May give us the following graph of the frequency spectrum:

So, on the bottom of the above chart, we can see the frequency of the sine wave heard. The higher the blue peak, the more often a sine wave of that frequency was heard during the 20 millisecond sound in the first picture.

Here is a fun tool by Academo to help process what we just learned (make sure to check the ‘Sound On’ box once you get there): An interactive Wave Interference and Beat Frequency Tool by Academo

Back to the point

So, visualizers are just aminations and effects that use volume and the frequency spectrum to alter predetermined elements of their current visual state. To explain one of these systems by scenario, say we make an embarrassingly simple audio visualizer that starts as a 1 by 1 by 1 meter green cube on the user’s screen. Then, the system listens to the audio in 1 millisecond chunks, performs spectrum analysis on that chunk, and looks for our desired information. So, if we see a spike in the 20-40Hz range, then we know there was a bass thump in the audio and we could make the cube jiggle a little bit. Additionally, as the volume of the audio increases, the hue of the cube could change slightly with each increase of a couple decibels. That’s it, that jiggly cube is a simplified version of the system we saw in the introduction video. Even though most audio visualizers are cooler looking than a 1 meter cube of jello, they both boil down to using the same essential tools.

Let’s get physical

So, for a side project, I wanted to make the visualization handled by hardware. Using the lessons we just discussed, I developed software using a tool called Processing to perform real-time spectrum analysis on whatever audio my laptop’s microphone was hearing. In the white window open on my laptop in the video below, we can see this real-time frequency analysis:

The black spiking you saw in the white window represents the same concept that we saw represented by this picture:

Yet, instead of representing one 20 millisecond sample like the photo above, the window in the video is showing a new graph every 1 millisecond.

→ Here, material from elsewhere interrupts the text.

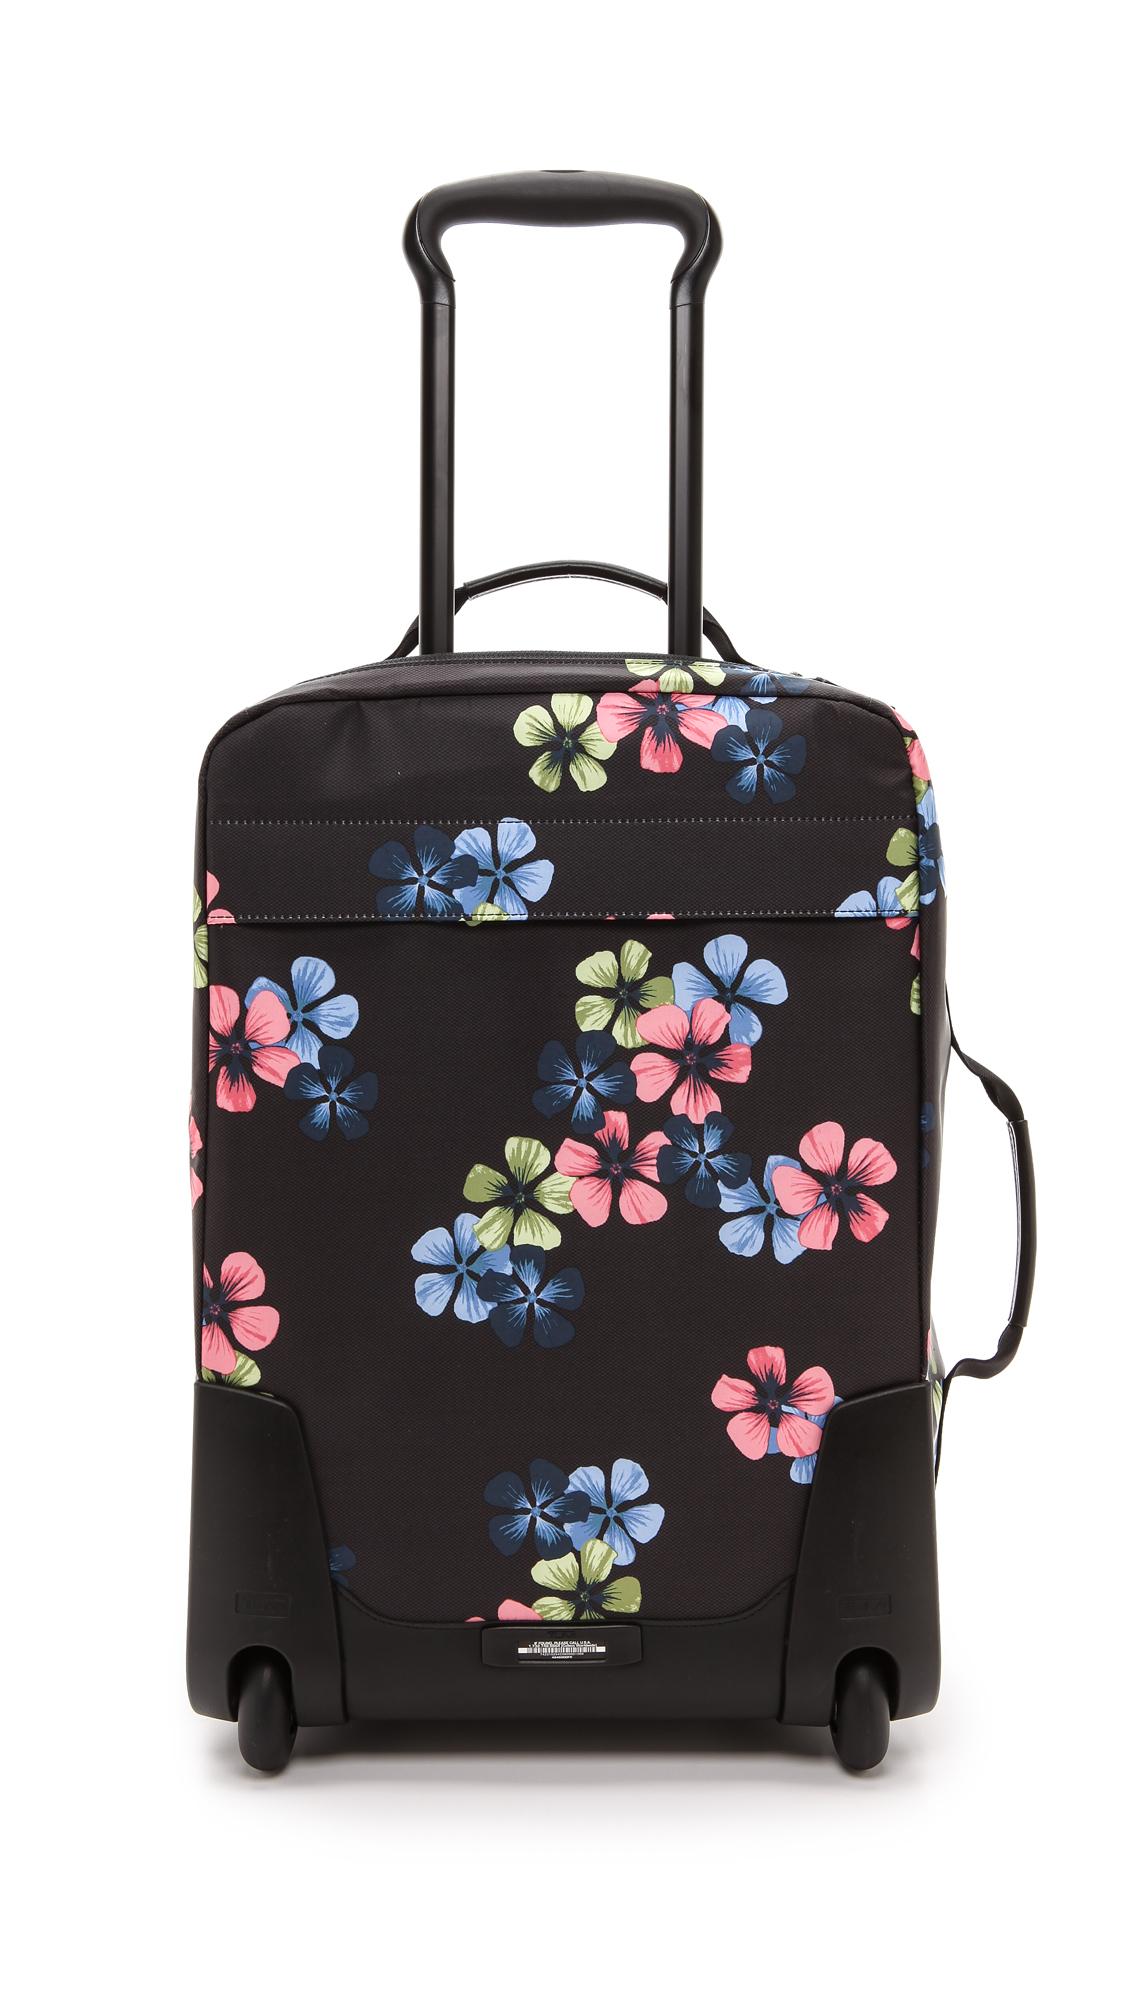 Lyst Tumi Tumi Black Floral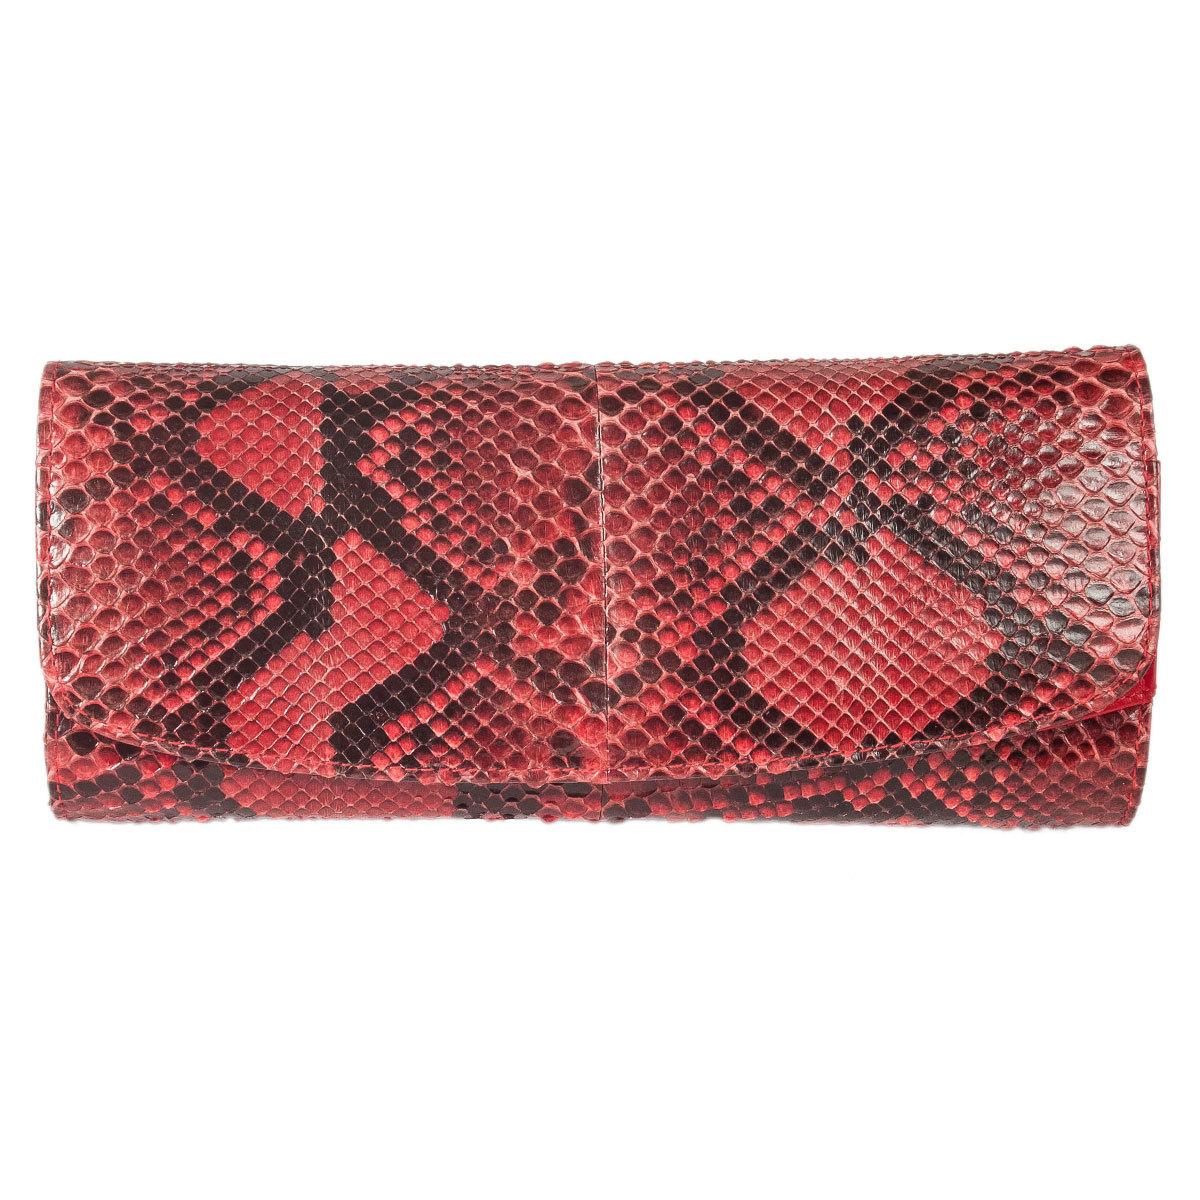 Купить со скидкой Barbara Bui черный клатч из кожи змеи

So, because the song in the video is longer than 1 millisecond, the graph must change constantly to represent the frequencies it just found in the last 1 millisecond sample.

The frequency information shown on the graph was cut into 4 bands (0-5000,5001-10000,10001-15000,15001-20000Hz) and the average peak value was calculated for each band. Those 4 values were communicated to an Arduino every time a new graph was made. That Arduino then ran columns of LED to symbolize the average peak value of each band. Finally, the result looks a little something like this:

I’m sorry for the awful video quality, but that video is from September 2015 when I built that hardware. The hardware has since been repurposed, so I sadly could not reshoot a video for this post. Regardless, pretty neat, huh?

Language: Engineer


Objectives

Visualize the magnitude of adjustable frequency bands present in an audio signal excitation.

Visualization must be in real-time.

Visualization of the magnitude is to be done by LEDs in a 2d matrix.

How it was done

I used Processing‘s native Fast Fourier Transform algorithm to decompose my laptop’s microphone audio into its FFT representation at a sample rate of about 1 kHz. Then, chopped the audible range of the FFT into 4 bands and calculated the average magnitude within each band. In order to avoid handshaking, I used Arduino’s Firmata library to communicate the information from Processing and used the Arduino to drive the pins controlling two PWM ICs that ran the LEDs.